Do you ever feel that way?

yes, i do.

in fact, this semester has been emotionally difficult for me because of my statistics class. i've had problems with rapid cycling, racing thoughts and auditory hallucinations all semester long, so it took everything inside of me to attend class every day and do the best i could.

by the way, my university provides accommodations for students with mental illness by allowing them to take time off if they experience bipolar or severe depression (supportive documentation must be provided by a psychiatrist), but i never thought to use that in my case since i feel my deafblindness takes first priority. having said that, when i return to university in january, i *might* consider using those accommodations at least until i'm able to get my rapid cycling under better control.
 
since my deafblindness takes first priority. having said that, when i return to university in january, i *might* consider using those accommodations at least until i'm able to get my rapid cycling under better control.

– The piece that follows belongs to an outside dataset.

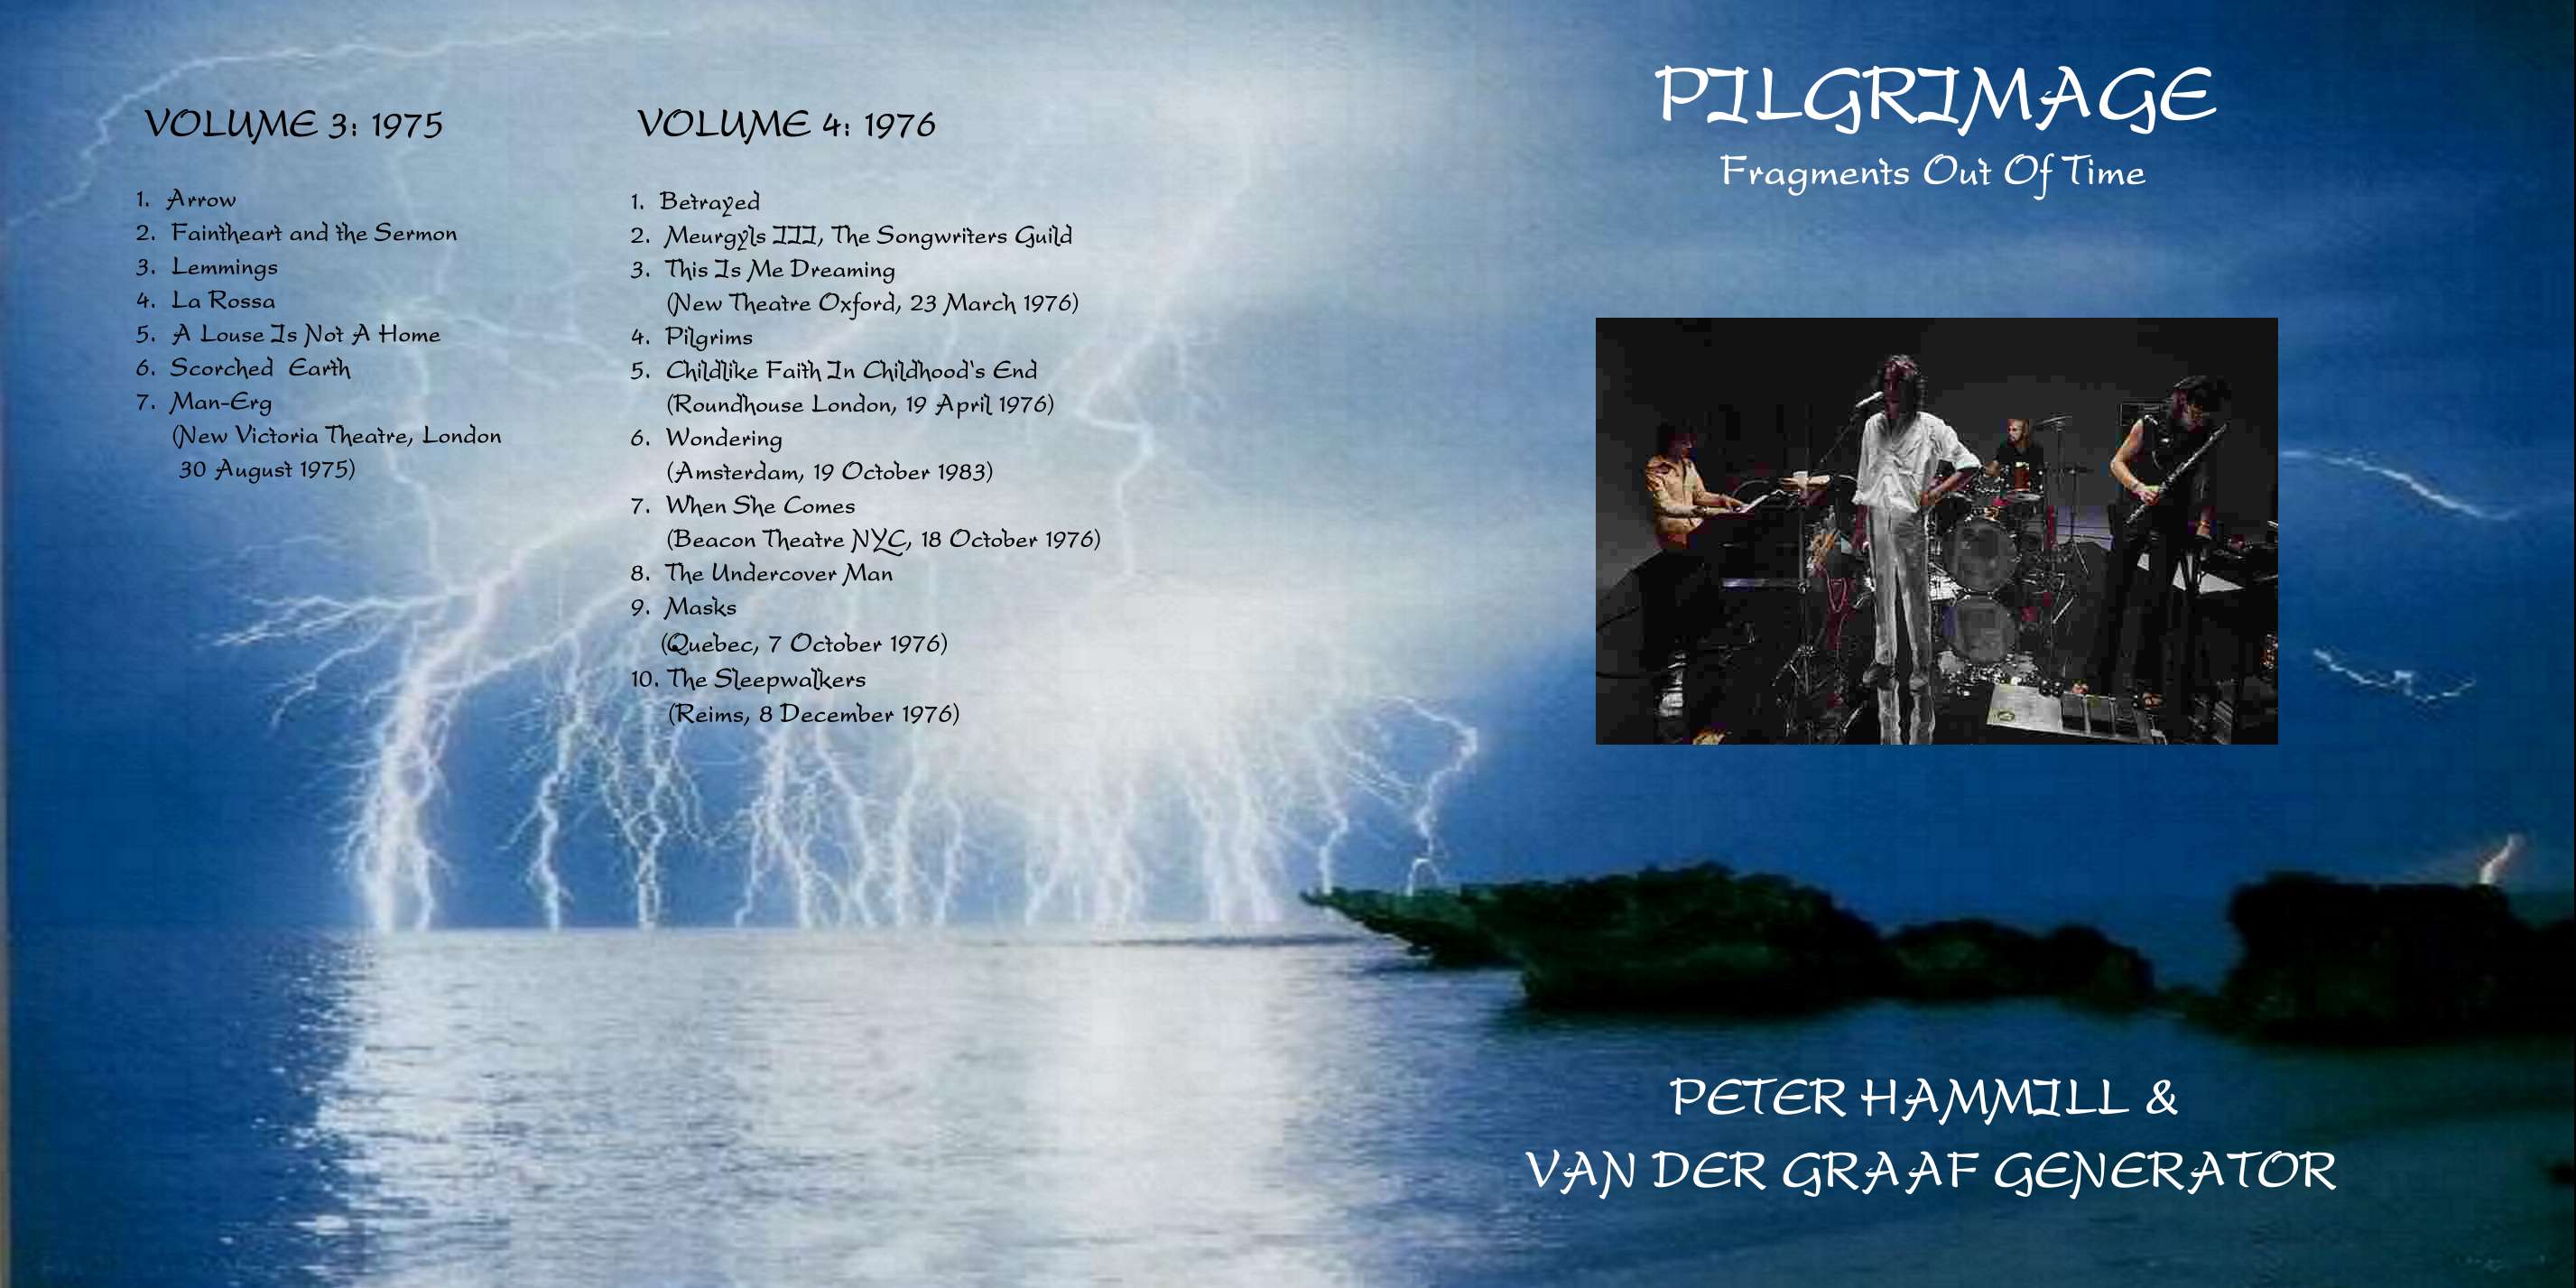 VanDerGraafGeneratorPeterHammill1970-1986Pilgrimage_pt2 (5).jpg

See that is where I think schools have it backwards--that they put physical disabilities before emotional ones.

I think you shouldn't hesitate to use the accommodations if you need them, just like you wouldn't hesitate to have a braille transcriber or interpreter.

I had a lot of issues in school because a lot of my flashbacks are school-oriented so there were a lot of triggers in school that would send me into flashbacks. I was pretty much having constant panic attacks in school. Suffice it to say my grades suffered.
 
Oh yeah forgot you're allergic. Same here for the same reasons.

Do you enjoy going for walks?
 
I think you shouldn't hesitate to use the accommodations if you need them, just like you wouldn't hesitate to have a braille transcriber or interpreter.

that's what the disability office told me as well after i let them know about the difficulties i was having because of my bipolar. i've only been diagnosed as bipolar for 2 years, so it's still relatively new to me. i accept my diagnosis completely, but i really want to make sure that i receive accommodations only if i need them. it's obvious that i've been struggling emotionally this semester and something needs to give, so i think i'll be taking a closer look at receiving accommodations due to my bipolar as well.
 
i think i'll be taking a closer look at receiving accommodations due to my bipolar as well.

I'm glad you will be getting the accommodations you need. It's not fair to be stuck in a situation where your grades reflect your rapid cycling and not your hard work, your intelligence, your enthusiasm, etc.
 
I'm glad you will be getting the accommodations you need. It's not fair to be stuck in a situation where your grades reflect your rapid cycling and not your hard work, your intelligence, your enthusiasm, etc.

that's true. that's what my therapist said as well. i *love* to learn, but 95% of the time, i just don't have the patience or emotional capability to sit in a 3 hour lecture.
 
that's true. that's what my therapist said as well. i *love* to learn, but 95% of the time, i just didn't have the patience or emotional capability to sit in a 3 hour lecture.